[[ Supplied information open ]]

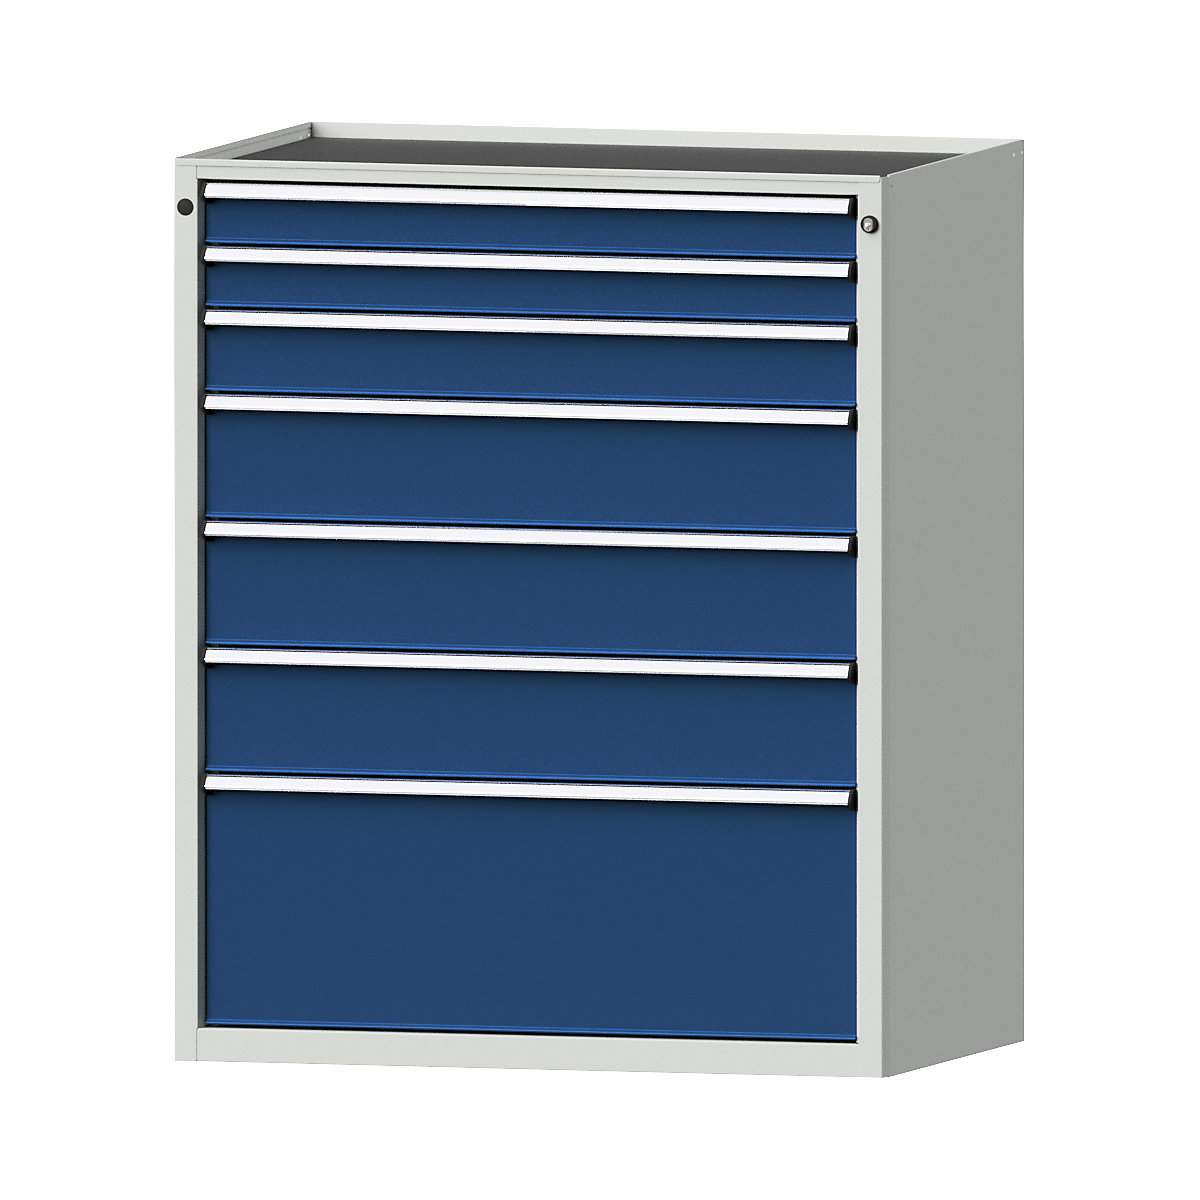 Armoire à tiroirs – ANKE, l x p 1060 x 675 mm, 7 tiroirs, hauteur 1280 mm, façade bleu gentiane-18
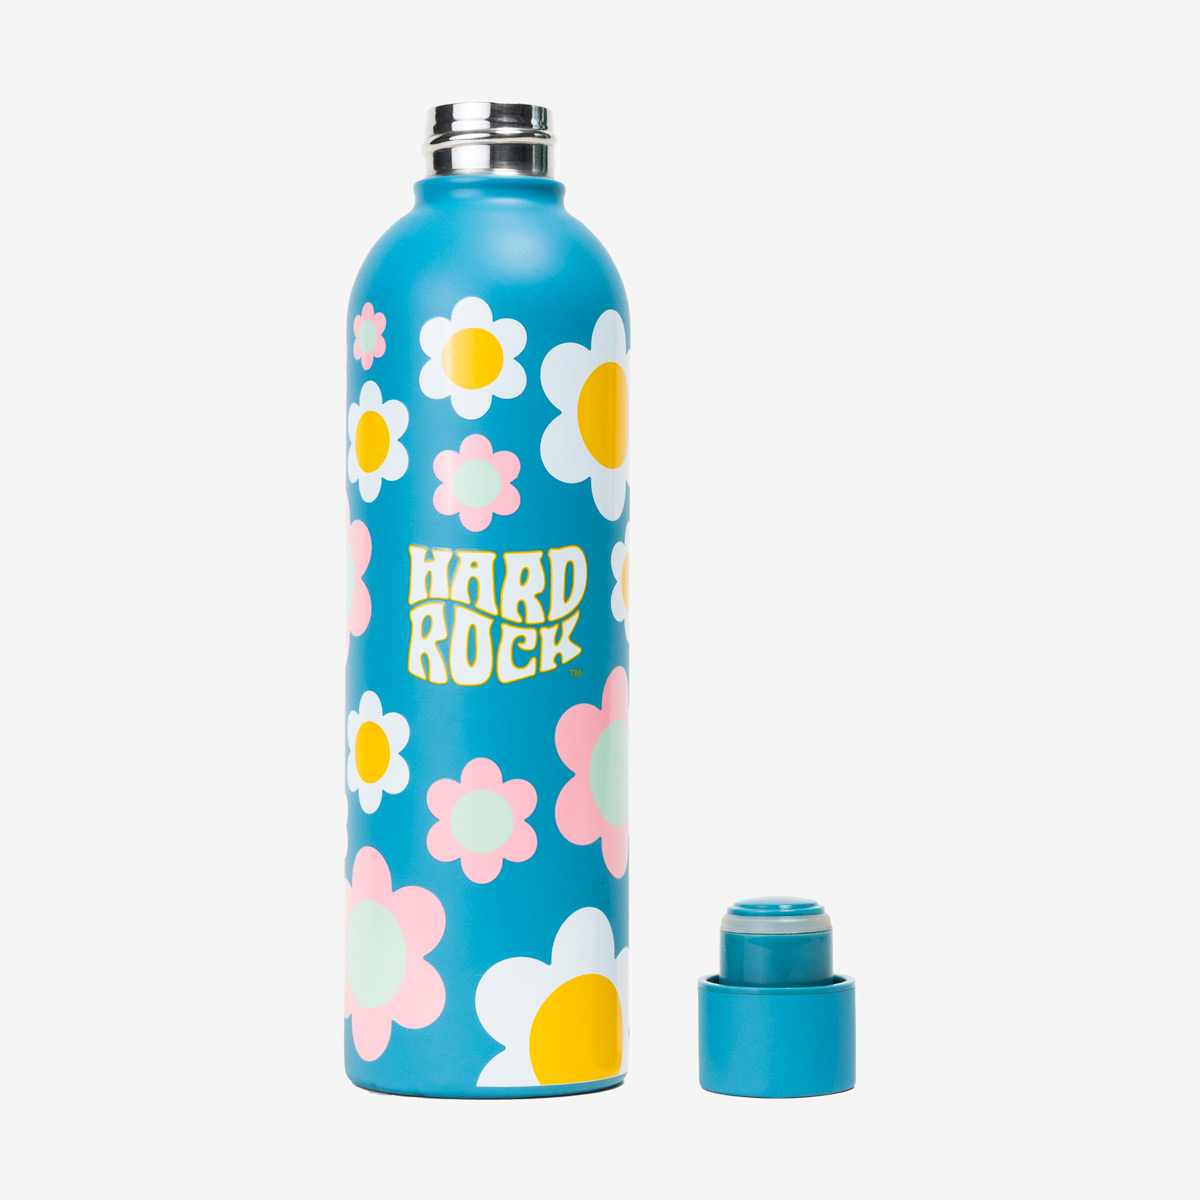 Hard Rock Music Festival Flower Power Water Bottle in Blue image number 4
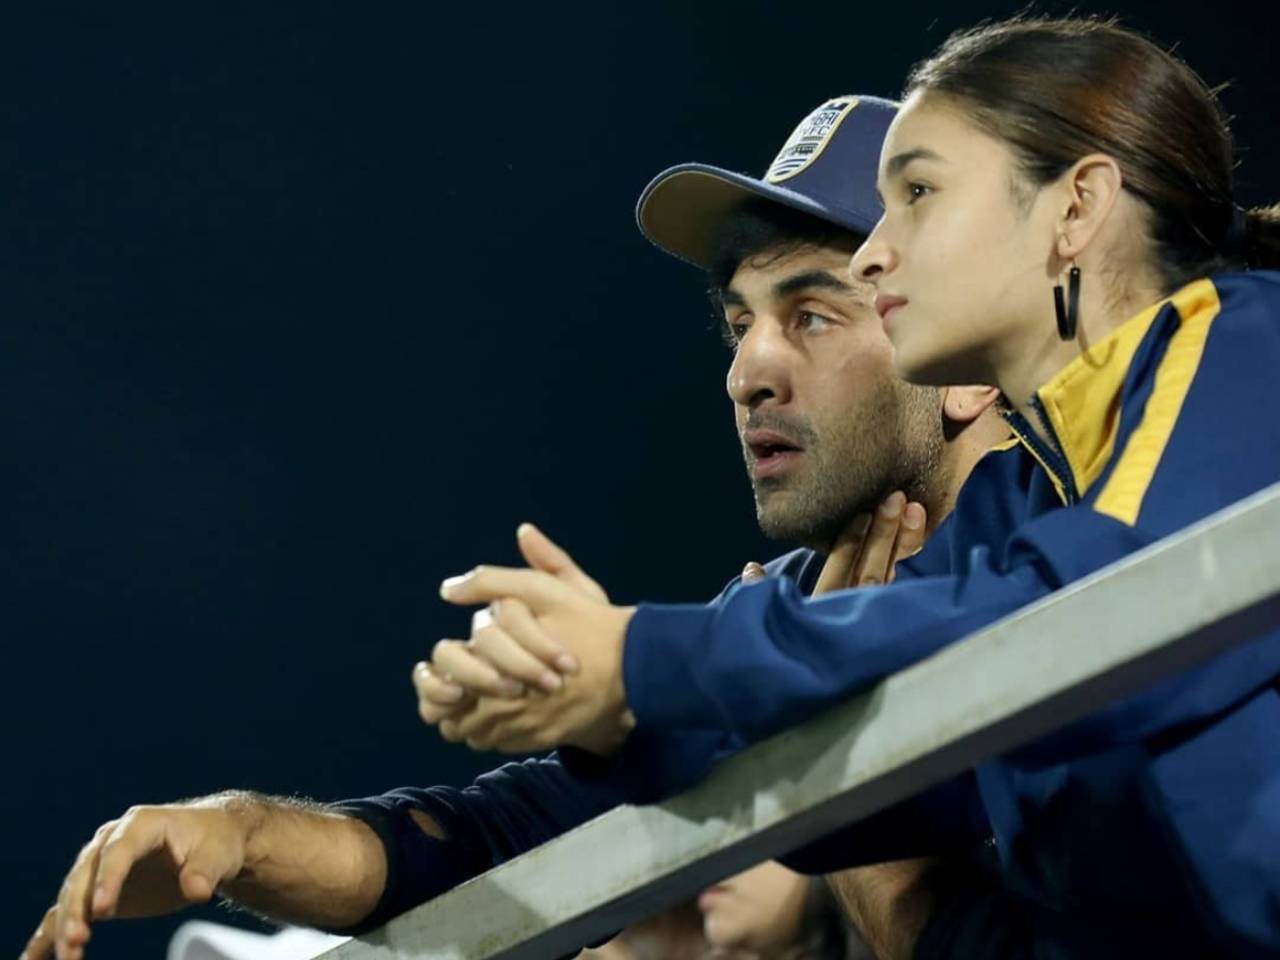 Amid ED summons, Ranbir Kapoor watches football match with Alia Bhatt,  couple sports matching '8' jersey. Watch
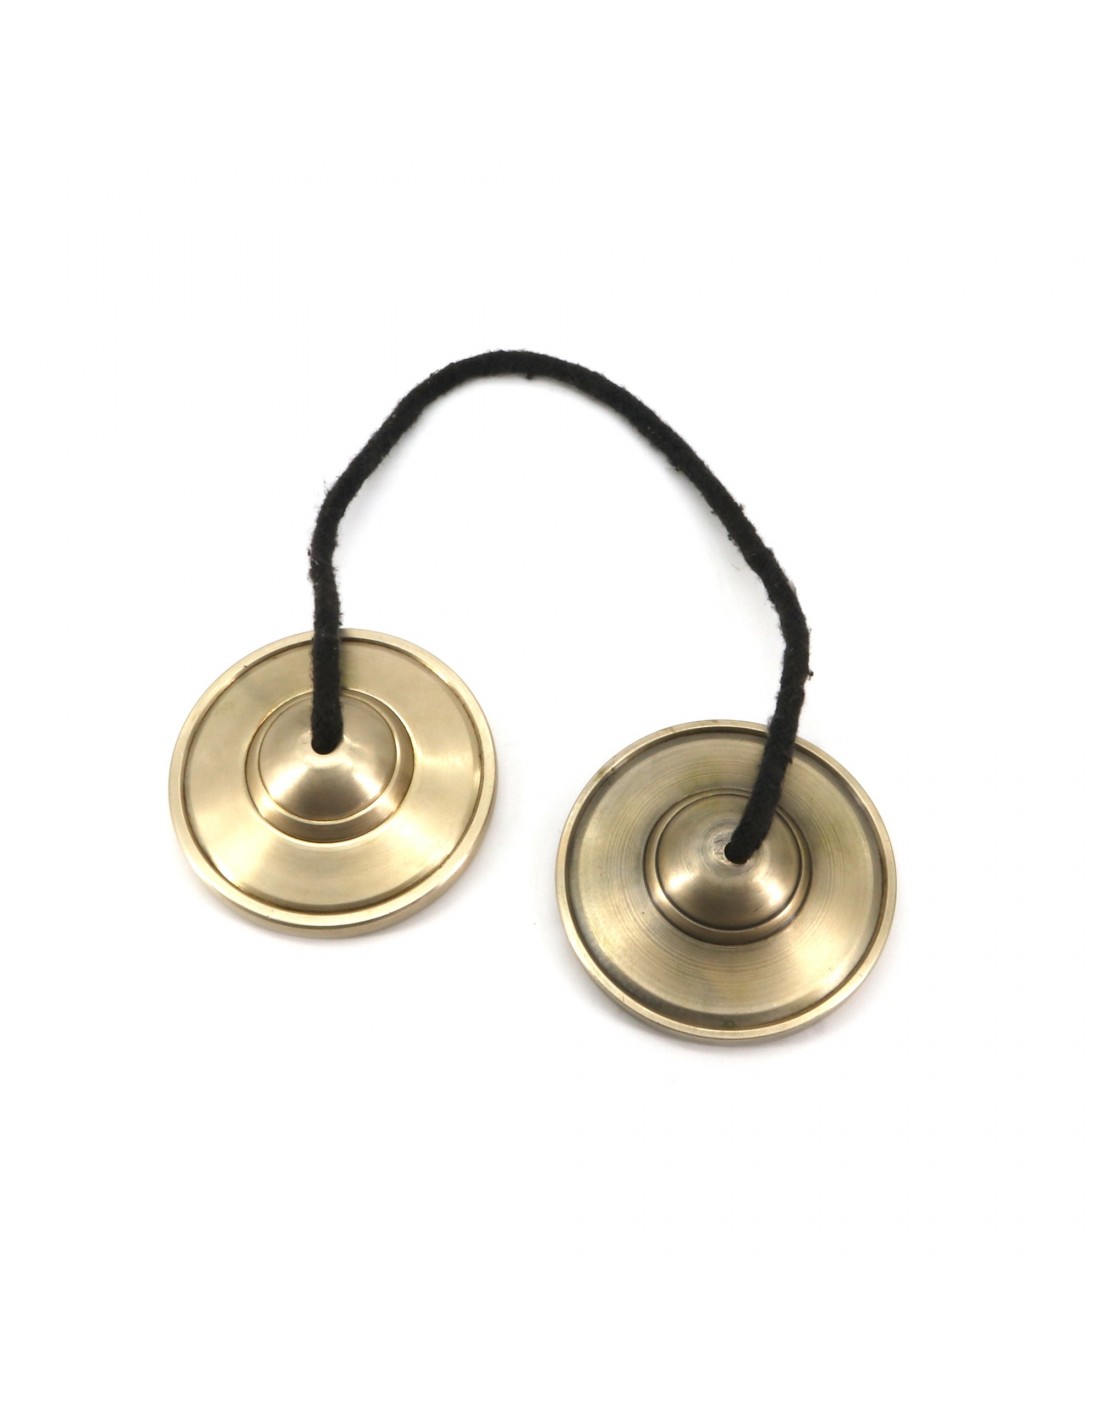  FULTAC Tibetan Bells, Size S, Approx. 2.6 x 2.6 x 4.7 inches  (6.6 x 6.6 x 12 cm) : Home & Kitchen

[[ Supplied information closed ]]

### Your objective
Repeat the material exactly and drop each image.

### Response area
 Armoire à tiroirs – ANKE, l x p 1060 x 675 mm, 7 tiroirs, hauteur 1280 mm, façade bleu gentiane-18
 Hard Rock Music Festival Flower Power Water Bottle in Blue image number 4
 Amid ED summons, Ranbir Kapoor watches football match with Alia Bhatt,  couple sports matching '8' jersey. Watch
  FULTAC Tibetan Bells, Size S, Approx. 2.6 x 2.6 x 4.7 inches  (6.6 x 6.6 x 12 cm) : Home & Kitchen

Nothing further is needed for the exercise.